Notice the random regressor does around as well (often better) than the "Easiness" regressor.  That's not a good sign for the usefulness of "Easiness".


We would like a better test — one that tells us whether our model is
better able to predict a _new_ value that the model hasn't seen before.

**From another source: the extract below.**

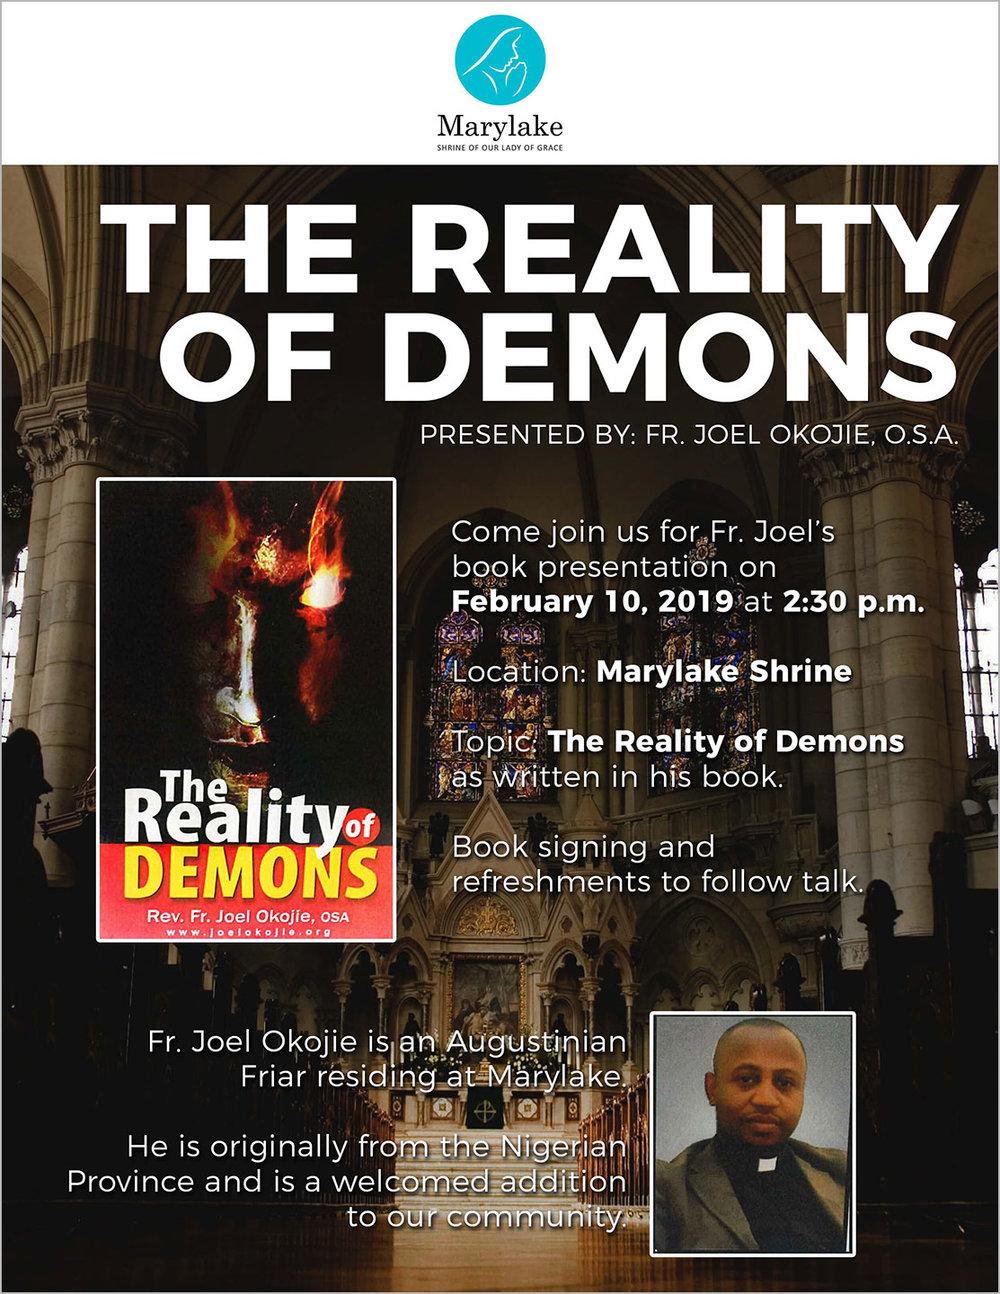 The_Reality_of_Demons.jpg

We can do this with *cross-validation*.  *Leave one out* is a simple
form of cross-validation.  The procedure is, that we take each row in
the dataset in turn.  We drop that row from the dataset, and fit the
model (estimate the parameters) on that dataset, with the row dropped.
Then we use that model to *predict* the value from the row that we
dropped — because this a value we did not use to build the model.  We do this for all rows, making a model and predicting the value from the row we dropped.  Then we ask — how well do the predicted values do in predicting the actual values?

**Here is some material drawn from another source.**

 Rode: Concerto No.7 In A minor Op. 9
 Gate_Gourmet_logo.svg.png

This is how that would work for the first row:

* Drop the first row and keep it somewhere.
* Run the model on the remaining rows.
* Use model to predict target value for first row.
* Store prediction.

In code that might look like this:

```{python}
row0_label = 0  # Row label of the first row.
# Row to drop, as a data frame:
dropped_row = df.loc[row0_label:row0_label]
dropped_row
```

We'll be using these columns for the design and target:

```{python}
x_cols = ['Clarity', 'Easiness']
y_col = 'Helpfulness'
```

Fit model with remaining rows, and predict target variable for first
row:

```{python}
# Dataframe without dropped row
remaining_df = df.drop(index=row0_label)
# Fit on everything but the dropped row.
fit = sklm.LinearRegression().fit(
    remaining_df[x_cols],
    remaining_df[y_col])
# Use fit to predict the dropped row.
fitted_val = fit.predict(dropped_row[x_cols])
fitted_val
```

Then we keep going to generate a fitted value for every row.

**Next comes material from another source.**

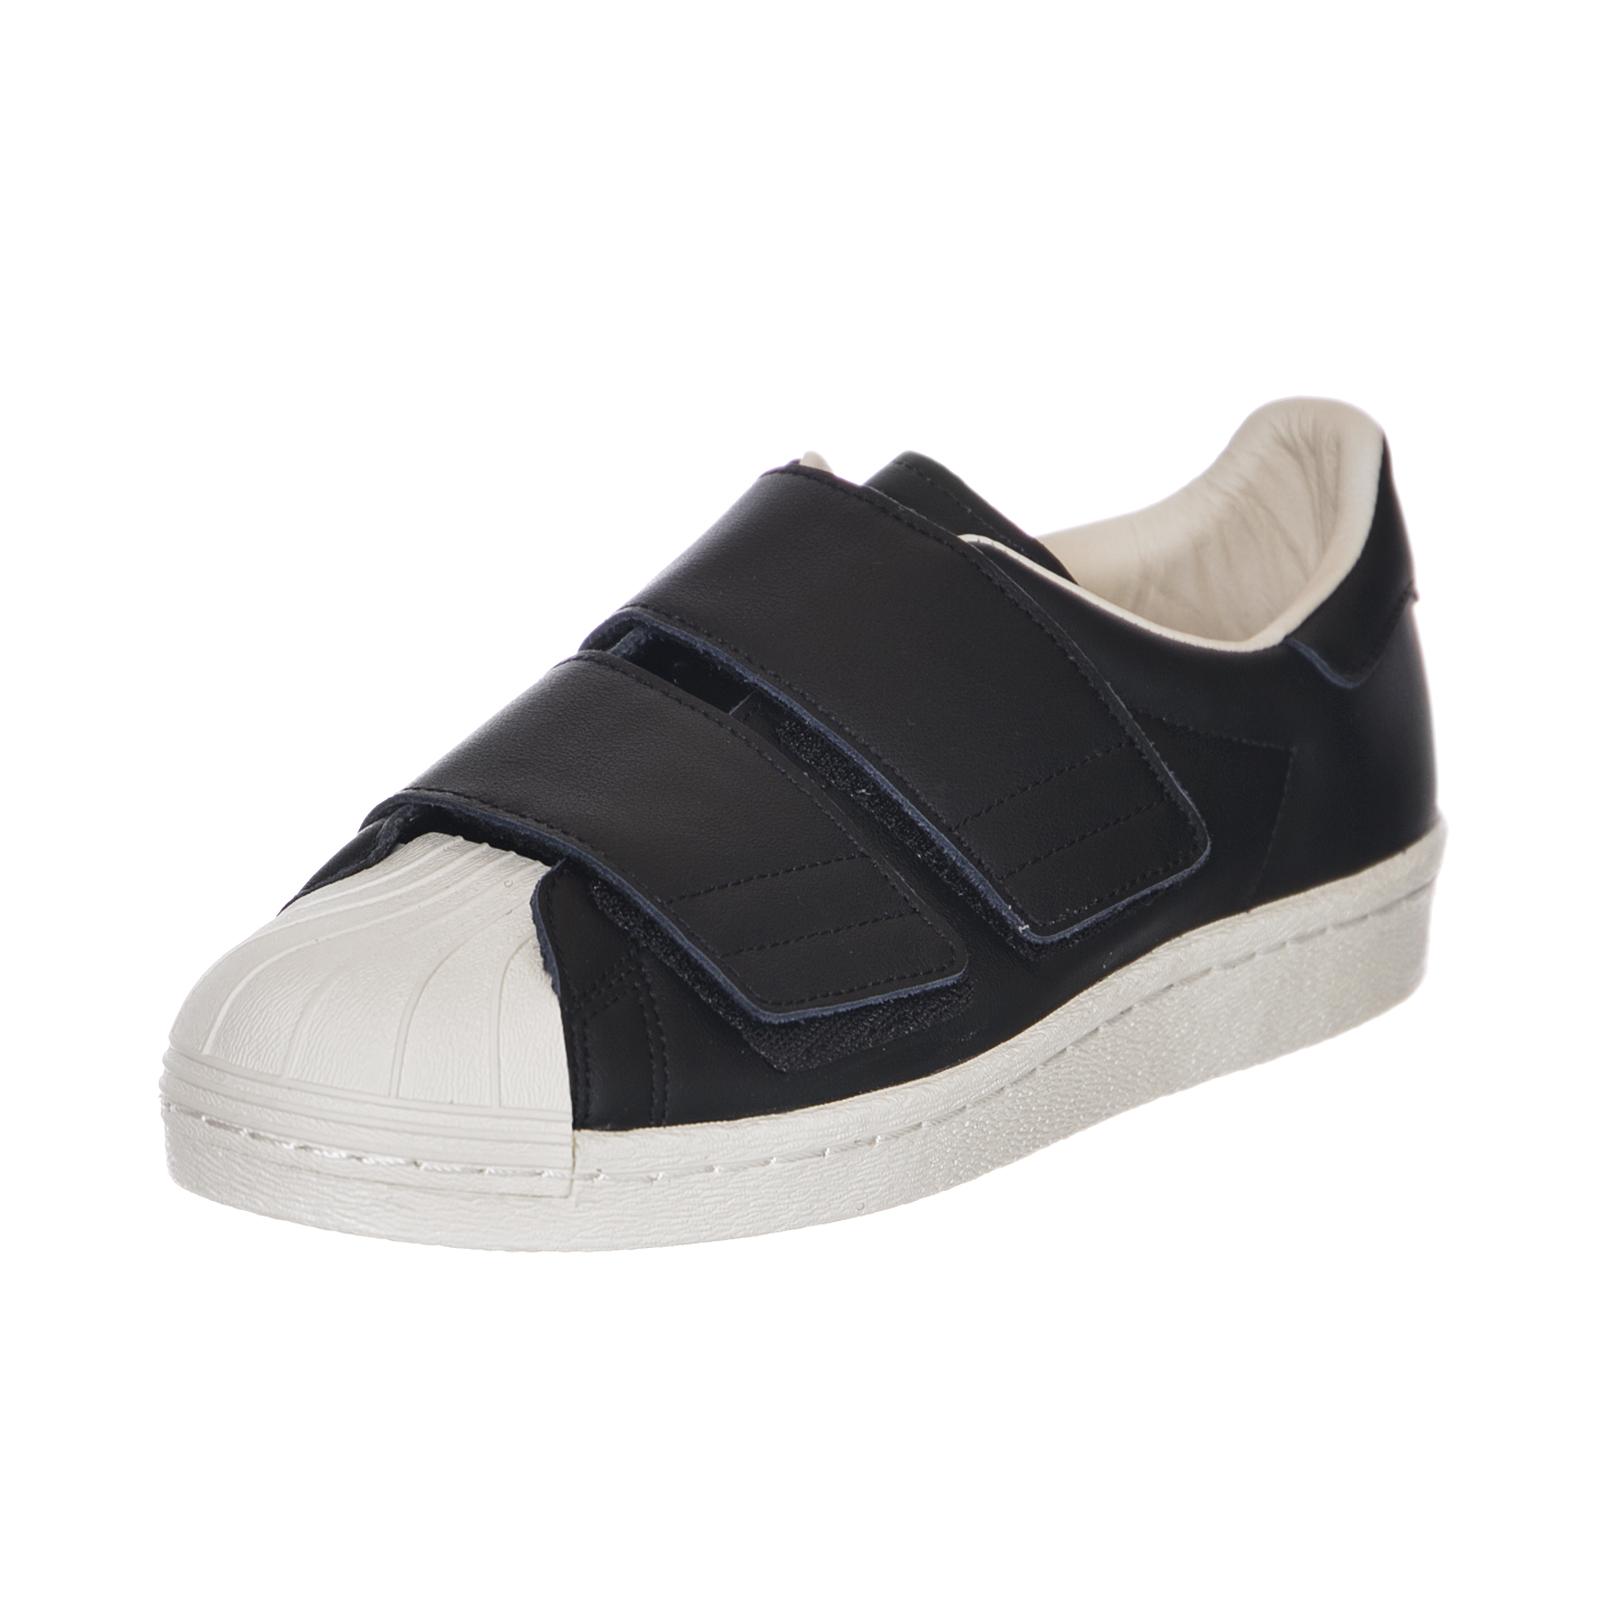 Adidas Sneakers Superstar 80S Cf W Noir / Noir Nero

Here's a function to do the leave-one-out fit for a given row label:


```{python}
def drop_and_predict(df, x_cols, y_col, row_label):
    """ Drop value identified by `row_label`, fit with rest and predict

    Parameters
    ----------
    df : DataFrame
    x_cols : sequence
        Sequence of column labels defining regressors.
    y_col : str
        Column label for target variable.
    row_label : object
        Row label of row to drop

    Returns
    -------
    fitted : scalar
        Fitted value for column `y_col` in row labeled `row_label`,
        using fit from all rows except row labeled `row_label`.
    """
    dropped_row = df.loc[row_label:row_label]
    # Dataframe without dropped row
    remaining_df = df.drop(index=row_label)
    # Fit on everything but the dropped row.
    fit = sklm.LinearRegression().fit(
        remaining_df[x_cols],
        remaining_df[y_col])
    # Use fit to predict target in the dropped row, and return.
    return fit.predict(dropped_row[x_cols])[0]
```

Use `drop_and_predict` to build a model for all rows but the first, as
above, and then predict the "Helpfulness" value of the first row.

```{python}
actual_value = df.loc[0, 'Helpfulness']
predicted_value = drop_and_predict(df,
                                   ['Clarity', 'Easiness'],
                                   'Helpfulness',
                                   0)
predicted_value
```

Fit the model, with both "Clarity" and "Easiness", and drop / predict
each "Helpfulness" value.

```{python}
predicted_with_easiness = df['Helpfulness'].copy()
for label in df.index:
    fitted = drop_and_predict(df,
                              ['Clarity', 'Easiness'],
                              'Helpfulness',
                              label)
    predicted_with_easiness.loc[label] = fitted
predicted_with_easiness
```

Get the sum of squared residuals for these predictions:

```{python}
error_both = df['Helpfulness'] - predicted_with_easiness
# Sum of squared prediction errors for larger model.
np.sum(error_both ** 2)
```

Do the same for the model with "Clarity" only.

```{python}
predicted_without_easiness = df['Helpfulness'].copy()
for label in df.index:
    fitted = drop_and_predict(df, ['Clarity'], ['Helpfulness'], label)
    predicted_without_easiness.loc[label] = fitted
error_just_one = df['Helpfulness'] - predicted_without_easiness
# Sum of squared prediction errors for smaller model.
np.sum(error_just_one ** 2)
```

The model without "Easiness" does a slightly *better* job of predicting, with leave-one-out cross-validation.